The hostility here to this article is interesting. To me, a reasonable interpretation is that it criticizes the way we understand/conceptualize some areas of modern technology. Indeed, if for some legal or practical reason research labs wouldn't have access to the data generated by the public (i.e. humans), many breakthroughs wouldn't happen. This is the other side to emphasizing the progress in algorithms (which is of course hard to deny).
You can't fully extricate technology from the societies where it exists, and things like naming, branding, institutions, and of course ideologies. There is a tendency to treat some areas of technology like some kinds of ancient gods or idols that have their own "needs" and "mandates" to force on their environment no matter what.
I happen to like[1] some their political proposals, like forcing the barter "data for services" to some fully disclosed monetary form. Also, coming up with some method of using these technologies that is compatible with individual freedom is a big concern. Even from purely practical standpoint, people trying and doing what they want has obvious value compared to everything having to be accepted by some (always to some extent self-interested and narrow-minded) authority. Shifting the language to talking about how we can enable and shape "AIs" as humans and societies seems reasonable: emphasizes that we have natural agency in all this.

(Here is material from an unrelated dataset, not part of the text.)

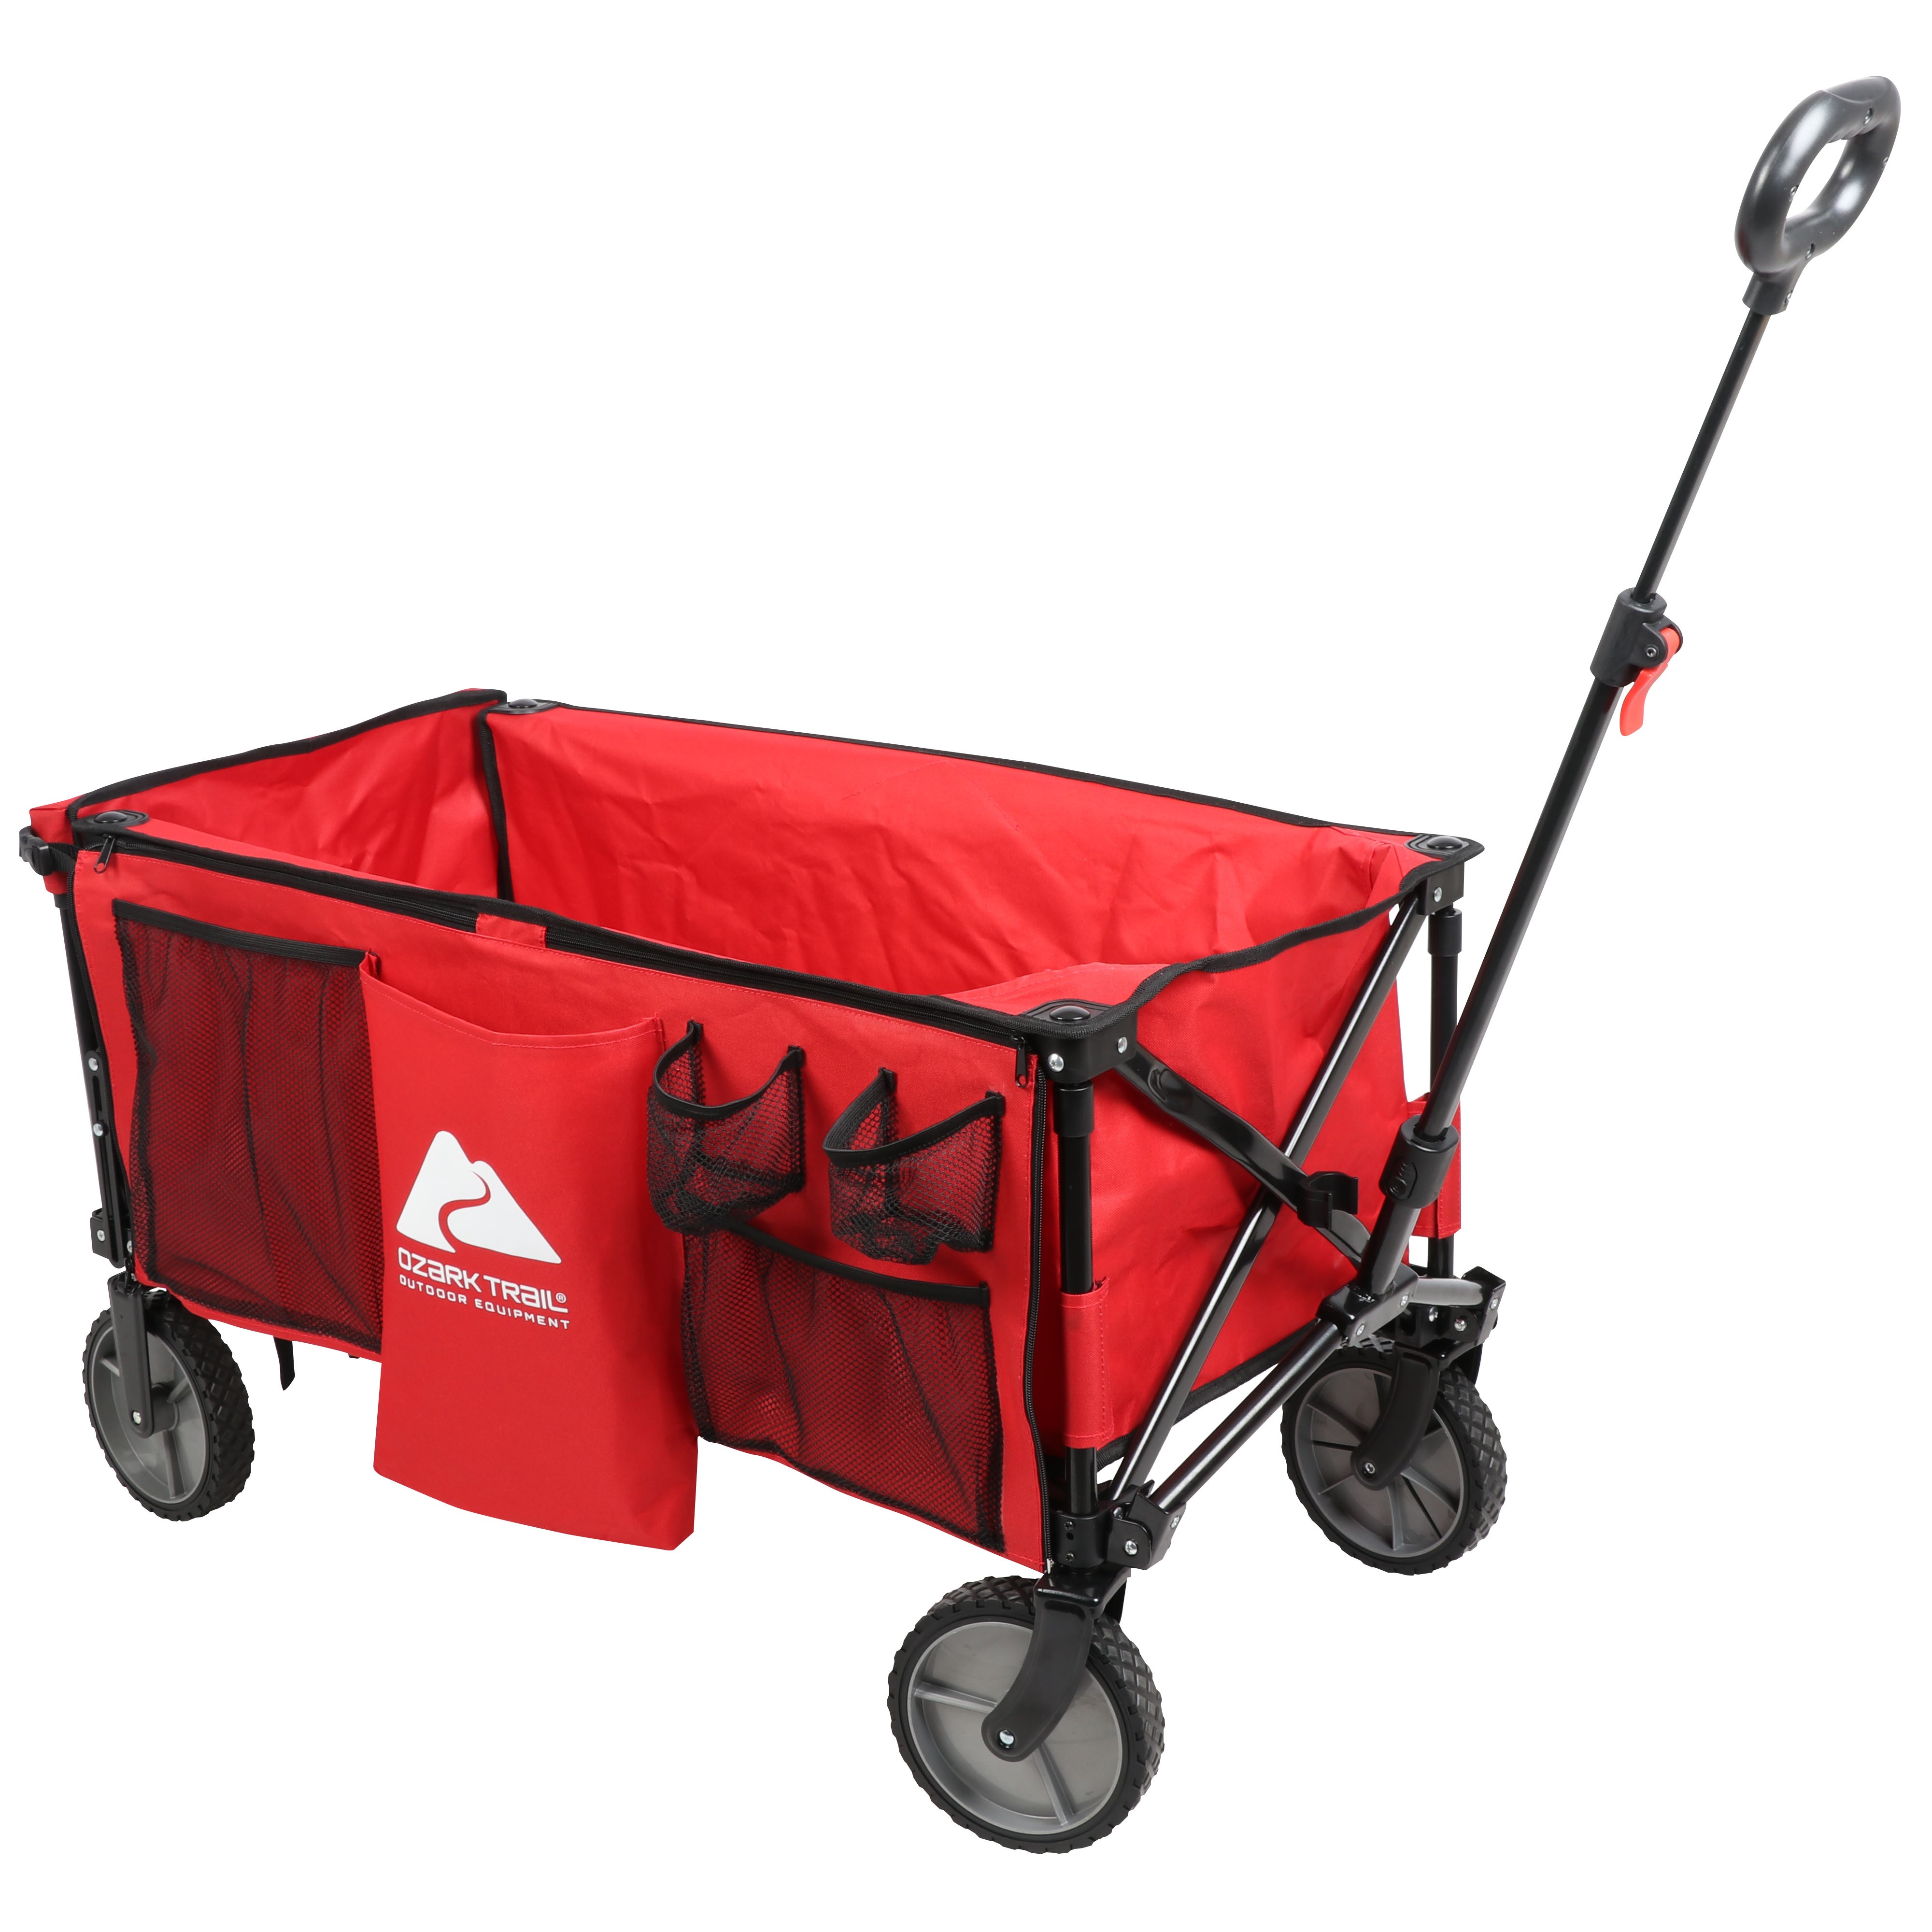 Ozark Trail Camping Utility Wagon with Tailgate & Extension Handle, Red - image 1 of 10

[1] Liking doesn't necessarily mean supporting yet.
AI as “ideology” may be a stretch, but it tends there with all the mythos behind a word like “artificial intelligence”.
Naming things matters.
While the head of Apple’s ML/AI strategy likes “machine intelligence” [1], I prefer “machine learning”.
“Intelligence” is a loaded word. I think (hope) that “learning” can be understood as narrowly and crudely as the field actually requires.
A more sober term would help the entire world manage this better on average, IMO, than if we use the unnecessarily scary and confusing term “artificial intelligence”.
[1] “For this reason and others, many AI experts (Giannandrea included) have suggested alternative terms like "machine intelligence" that don't draw parallels to human intelligence.”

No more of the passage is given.